**WHAT IS REQUIRED**
Give again, exactly as written, the lines of the records below from the line with "Clinkscales Chevrolet - Belton, SC" to the line with "UV Vinyl Sun". Both end lines count; pictures do not.

**AVAILABLE DATA**
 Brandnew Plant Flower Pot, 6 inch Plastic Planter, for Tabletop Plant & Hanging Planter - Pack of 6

---

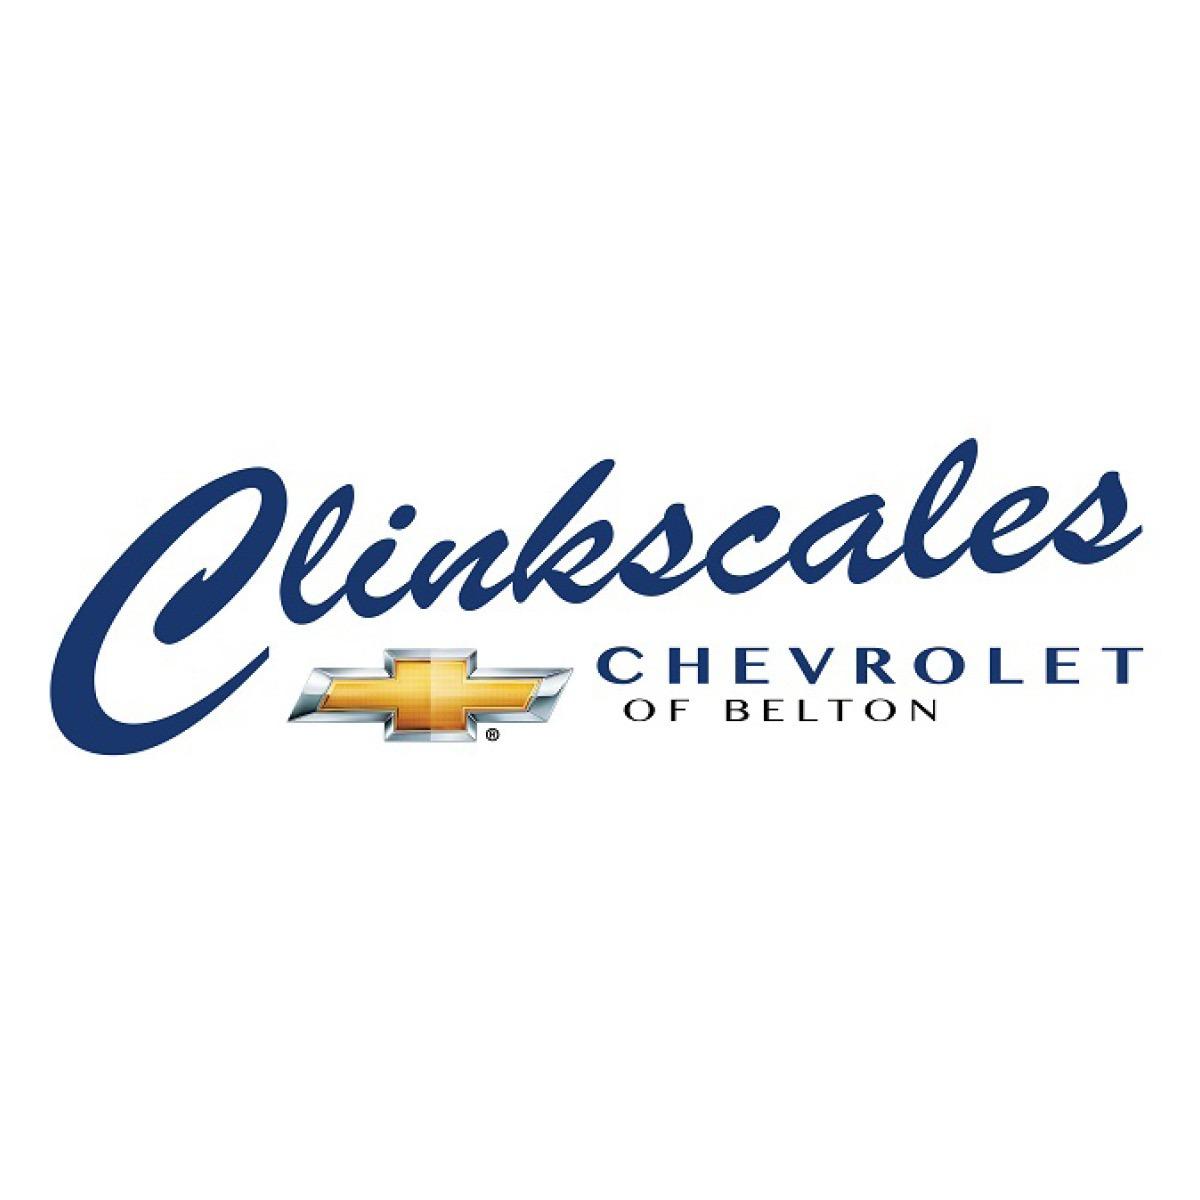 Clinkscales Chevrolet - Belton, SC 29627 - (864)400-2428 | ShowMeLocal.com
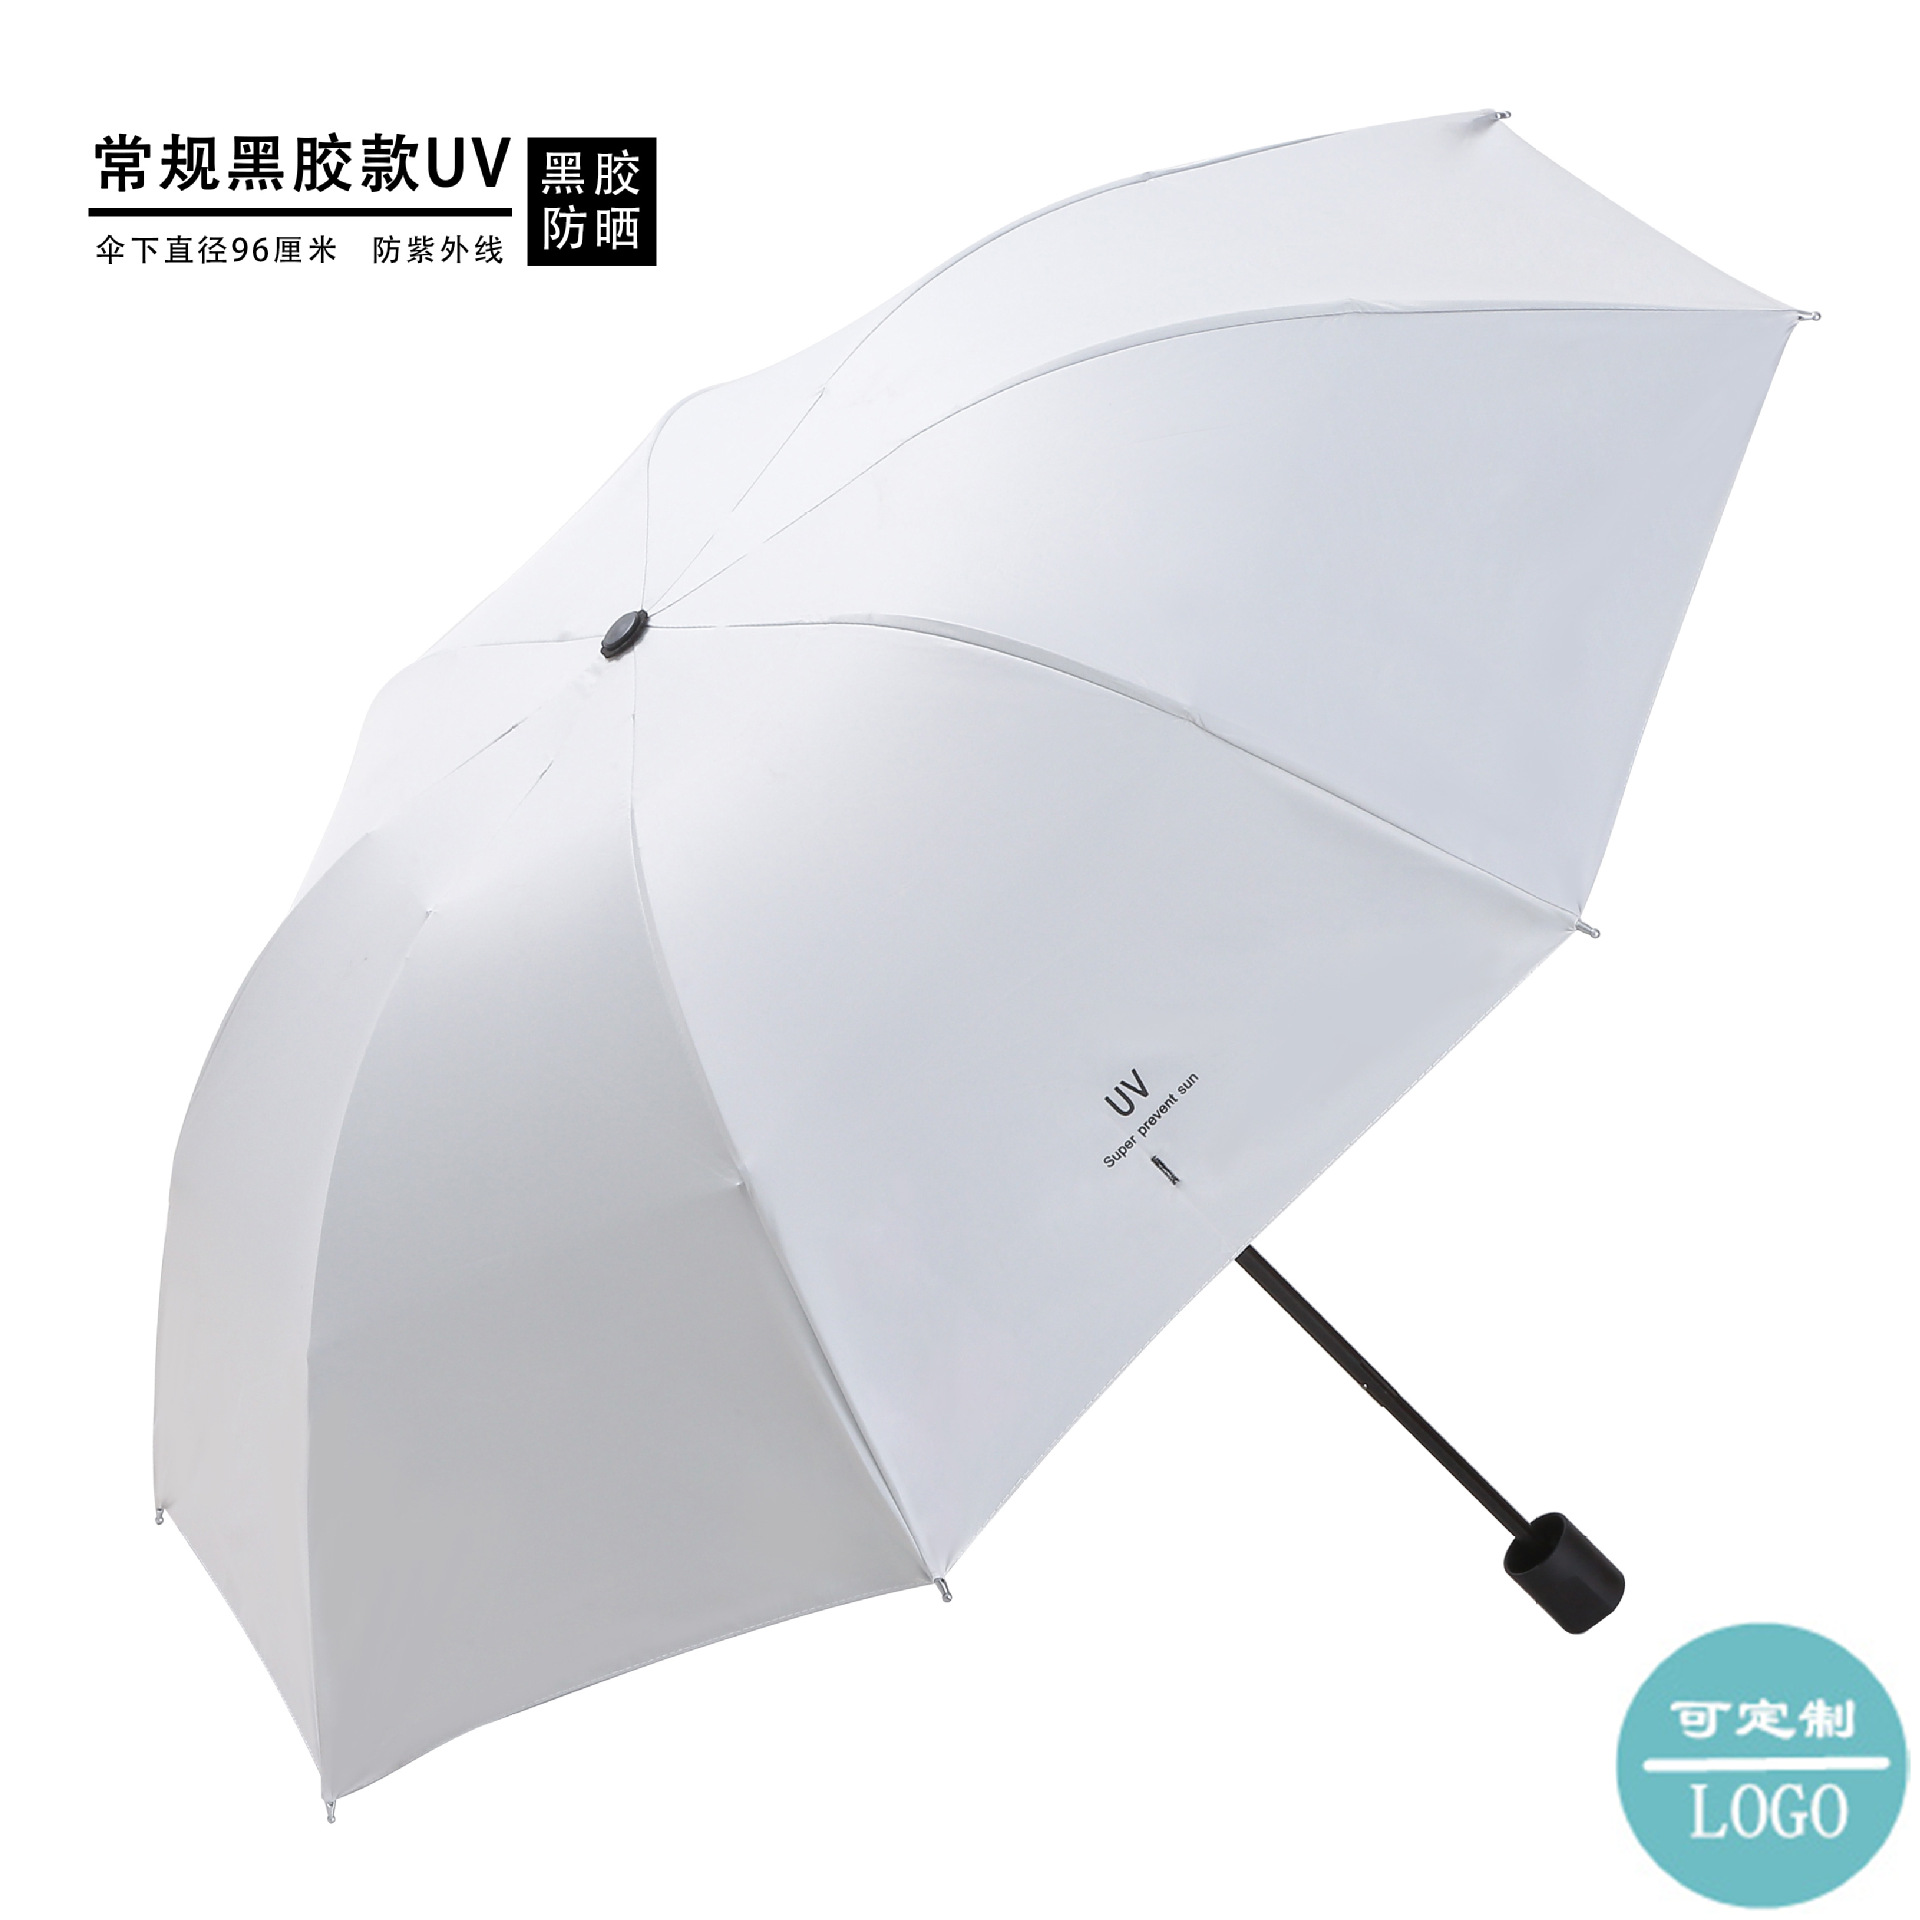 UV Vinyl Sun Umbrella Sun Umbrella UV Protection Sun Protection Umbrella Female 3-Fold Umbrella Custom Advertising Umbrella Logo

**RESPONSE BELOW**
 Clinkscales Chevrolet - Belton, SC 29627 - (864)400-2428 | ShowMeLocal.com
 UV Vinyl Sun Umbrella Sun Umbrella UV Protection Sun Protection Umbrella Female 3-Fold Umbrella Custom Advertising Umbrella Logo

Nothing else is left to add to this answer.